Other deductions will be eliminated entirely, including but not limited to:
- Home office expense deductions
- Unreimbursed employee expense deductions, such as those for teacher’s out-of-pocket classroom expenses
- State and local income tax or sales tax deductions for individuals, which would be devastating for taxpayers in high tax states, particularly California
- Entertainment expense deduction (expenses incurred when taking clients and others to business meetings out of the office), the elimination of which will significantly affect small business owners, restaurant and bar owners, to name a few, but will make little difference to the extremely rich
- Student loan interest deduction, which was eliminated in the House version of the bill, but retained in the Senate version
- Alimony deduction, which could greatly increase the cost of getting divorced
- And our favorite – the deduction for tax preparation expenses, which may encourage many people to do their own taxes (and make mistakes, usually to their detriment)
Other provisions that benefit the wealthy
Here are just a few other provisions that benefit the wealthy at the expense of lower-income Americans:
- Increased deductions for automation in manufacturing. Increased deductions for manufacturing company infrastructure are expected to encourage companies to replace blue-collar workers with automated production facilities (robots and artificial intelligence). No provisions have been made for the re-training of affected workers.

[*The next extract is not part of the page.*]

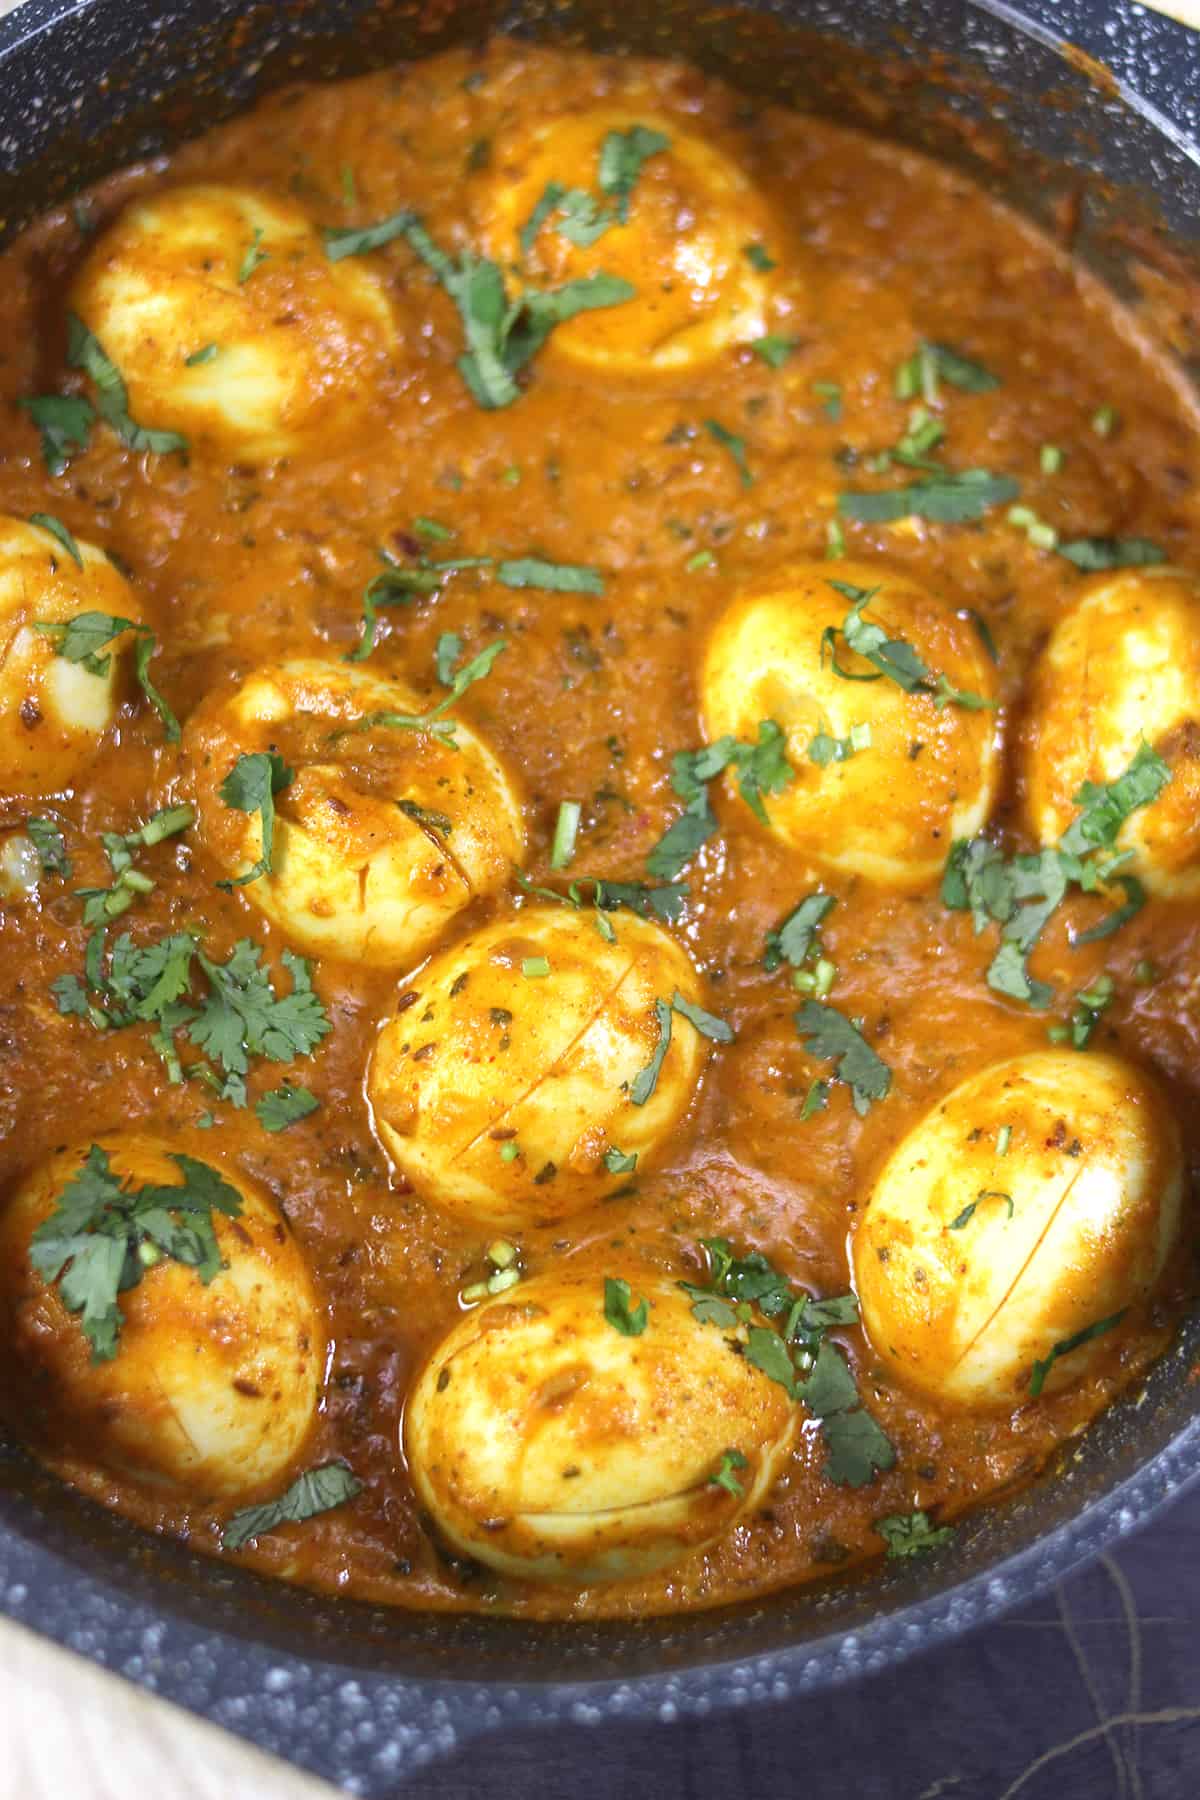 Simple egg curry recipe or egg masala for naan, roti, chapati, paratha, steamed rice, etc. 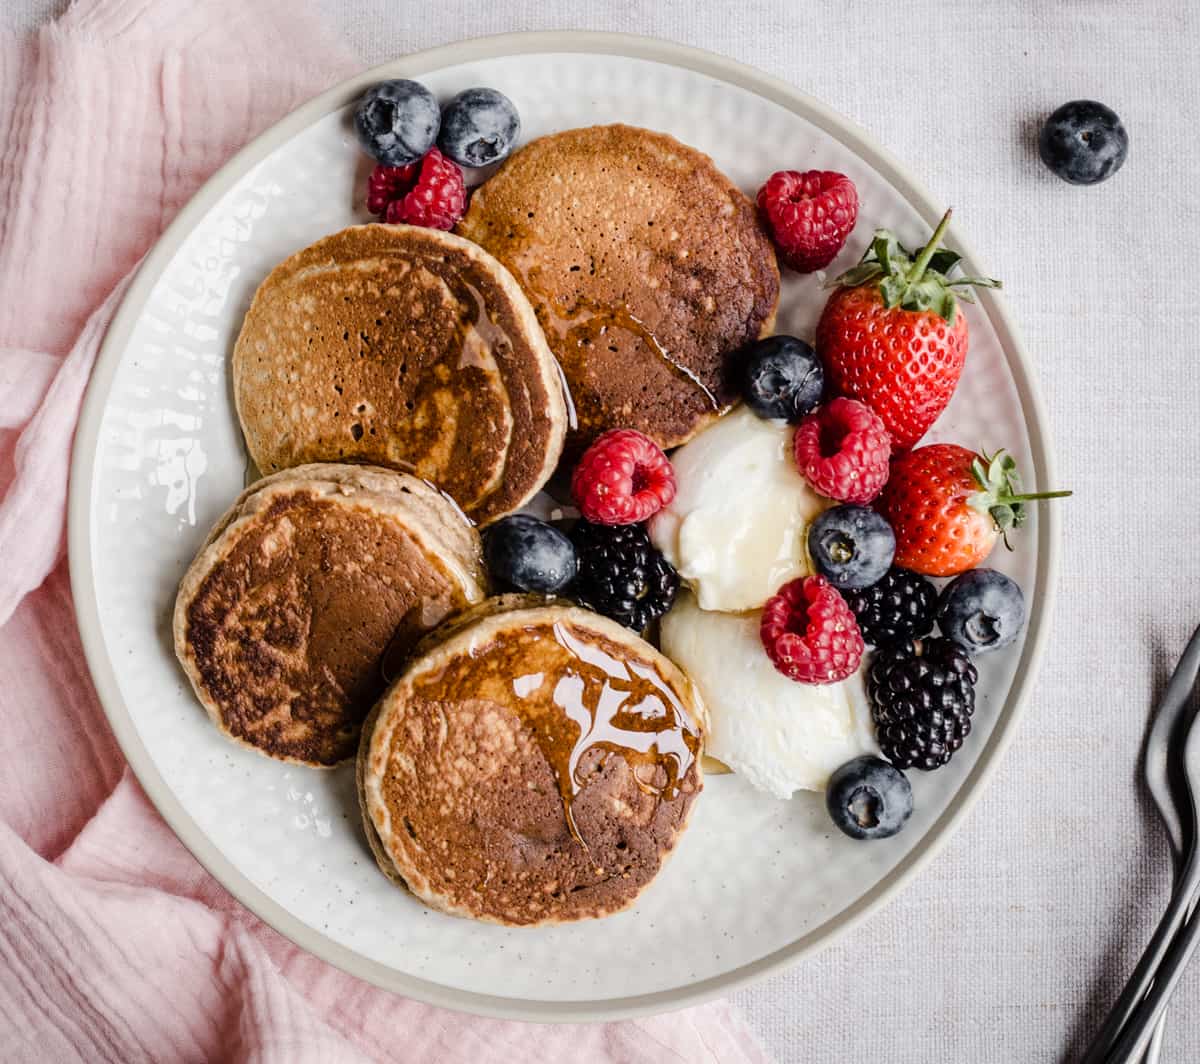 Pancakes on a plate with berries next to forks

- New tax deduction for private school tuition / expansion of 529 plans. Education deductions that are part of the tax bill include a new tax deduction for private school tuition (including tuition to private religious schools). The bill also expands tax-exempt 529 college savings plans, to allow these plans to be used for K-12 private school tuition and homeschooling.
- Elimination of estate taxes for most wealthy individuals and couples. The federal estate tax exemption is currently $5.49 million per individual (just under $11 million for a married couple), and affects a small minority of very wealthy individuals. These taxes can be minimized or eliminated entirely through various estate planning techniques – for those who pay, the funds serve as a major source of government revenue. The new tax bill doubles the exemption to $11 million per person, or $22 million per couple, effectively eliminating estate taxes for half of the estates that would otherwise need to pay it, and reducing estate taxes by approximately $4.4 million for those still subject to it. Note that the House bill eliminates the estate tax entirely over time.